Many chief ministers and ministers appoint MLAs as secretaries. As this is violative of the constitution, 21 Delhi MLAs appointed in this manner have been issued notices by the Election Commission
By Devender Singh Aswal
Parliament, in exercise of its constituent power and responding to public demand, put a ceiling on the size of the council of ministers. It amended Articles 75 and 164 and inserted a new sub-clause (1A) to each article vide the 91st Constitution (Amendment) Act in 2003. This ordains that the total number of ministers shall not be more than 15 percent of the total number of a particular legislature.
The proviso to sub clause 1A of Article 164 further provides that the number of ministers, including the chief minister, in a state shall not be less than 12, thus taking care of the states with MLAs less than 100. But, politics, perhaps the most ingenious calling, always finds new ways and means to circumvent the law so as to further parochial politics. Many chief ministers, unable to induct more legislators in the council of ministers due to constitutional constraints, appoint their MLAs as parliamentary secretaries in order to assist them or the ministers, ostensibly, in the discharge of their legislative functions.
A parliamentary secretary is neither a minister nor does he remain an uncompromisingly ferocious legislative watchdog once he is offered luring crumbs of power or the largesse of the executive. He cannot be privy to cabinet discussions; in the absence of that, he is bound to remain an errand boy of the chief minister or the minister concerned.
Before a minister enters office, the president, in the case of the Union and the governor, in the case of a state, administers to him the oaths of (a) office and (b) secrecy according to the form set out for the purpose in the Third Schedule of the constitution. A minister is sworn not to communicate or reveal directly or indirectly to any person or persons any matter which is brought for his consideration.
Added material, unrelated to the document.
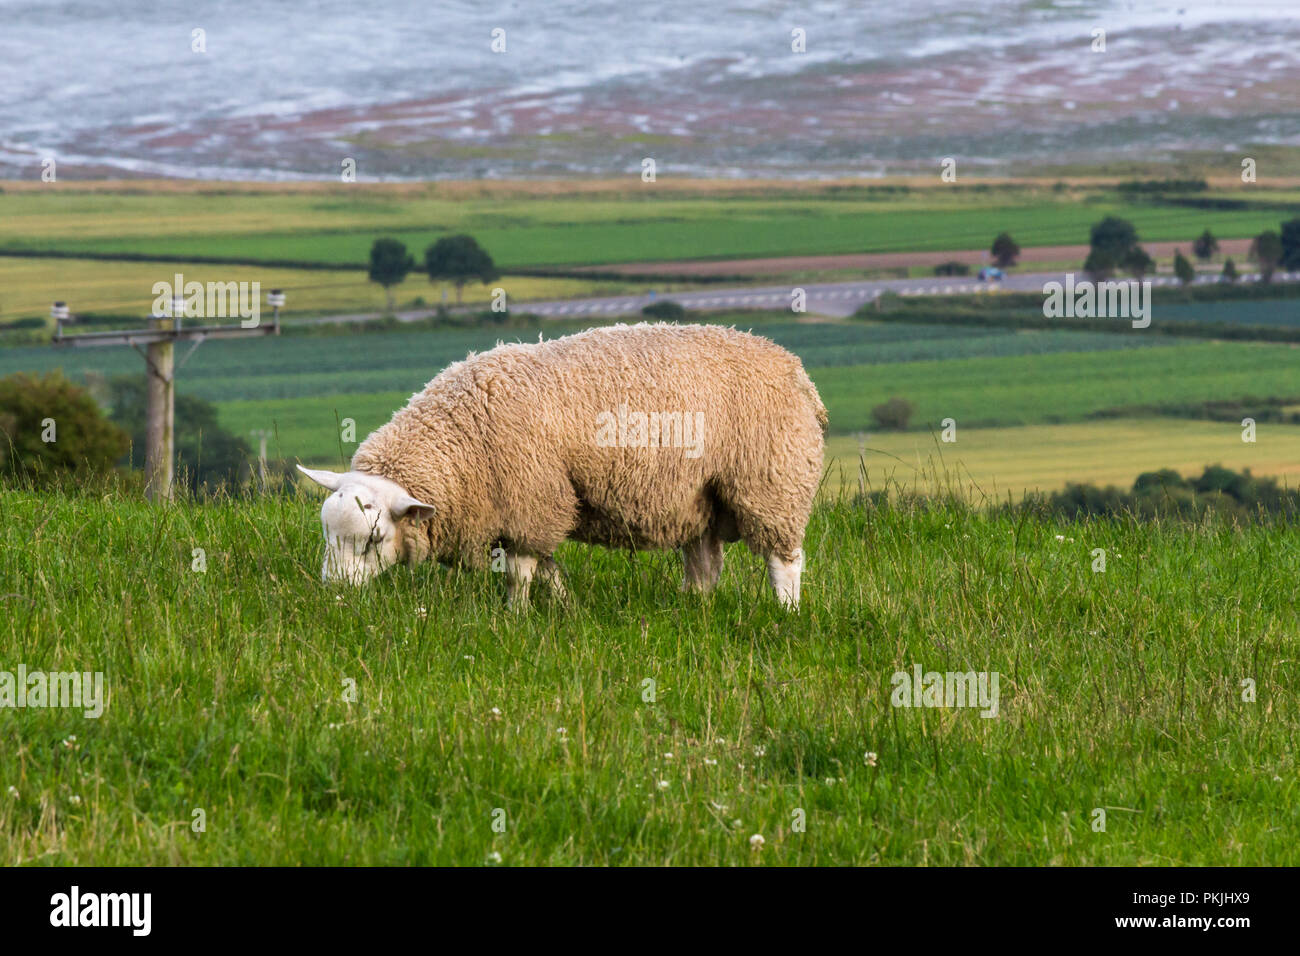 Le pâturage des moutons laineux sur une colline au-dessus de Strangford Lough. Newtownards, comté de Down, Irlande du Nord. Banque D'Images

In this regard, a parliamentary secretary is not a constitutional functionary and therefore, cannot be privy to any discussions in the cabinet. Nor is he responsible to the legislature as members of the council of ministers are.
The office of a minister is not an office of profit in view of the express constitutional provisions, whereas a member incurs disqualification if he holds an office of profit under the government, be it the Union or the state. In case a question of such disqualification arises, the president in the case of an MP and the governor in case of an MLA can declare it so after obtaining the opinion of the Election Commission (EC). If it is established that the legislator was occupying an office under the government and the office was an office of profit, i.e., capable of giving pecuniary gain or material benefit regardless of the quantum of gain, the membership is liable to disqualification, unless specifically protected by the Parliament (Prevention of Disqualification) Acts granting exemptions to certain offices.
OFFICE OF PROFIT
Besides, by way of a writ petition, a member can be disqualified by the court as happened in the case of Jaya Bachchan and Shibu Soren who were disqualified for holding office of profit under the state governments of UP and Jharkhand, respectively. Sonia Gandhi re-signed from the 14th Lok Sabha as her membership was under challenge.
The Kolkata High Court only last year struck down the appointment of 24 parliamentary secretaries by the West Bengal government. The message was loud and clear—the ceiling imposed by the constitution with respect to the size of the council of ministers cannot be exceeded by way of appointment of parliamentary secretaries.
The sword of Damocles also hangs over 21 MLAs of the Delhi Legislative Assembly who were appointed as parliamentary secretaries by the Kejriwal government. The EC, based on a petition filed last year, had issued notices to all 21 asking them to explain not later than April 11, the validity of their appointment.
The matter is under consideration of the EC. But the situation is grave, as in view of the clear constitutional provisions and judgments of the Supreme Court, the advice of the EC and the decision of the lieutenant-governor are bound to be on obvious lines. The plea that parliamentary secretaries assist ministers in legislative work is a specious argument. It is also in direct conflict with the principle of separation of powers and violative of the constitutional restraint on legislators not to accept any office of profit under the government.
MLAs, being legislators and entrusted by the constitution to secure accountability of the executive to legislature and mount effective and unremitting legislative oversight over the executive, cannot be subordinate to ministers or act as their chaperones or errand boys. Legislators are parliamentary watchdogs and any attempt to make them subservient to the executive must be opposed tooth and nail. What is explicitly prohibited by the constitution cannot be circumvented indirectly by the executive.
In the words of Ronald Dworkin, one of the leading jurist and political philosopher of modern times, “legislatures must be free to make policy, which is a utilitarian calculation of the greatest good for the greatest possible number”. Where any authority infringes the constitution or resorts to extra-constitutional measures to strangulate its soul, it is incumbent upon constitutional institutions to discharge their functions, issue appropriate orders and uphold the statute.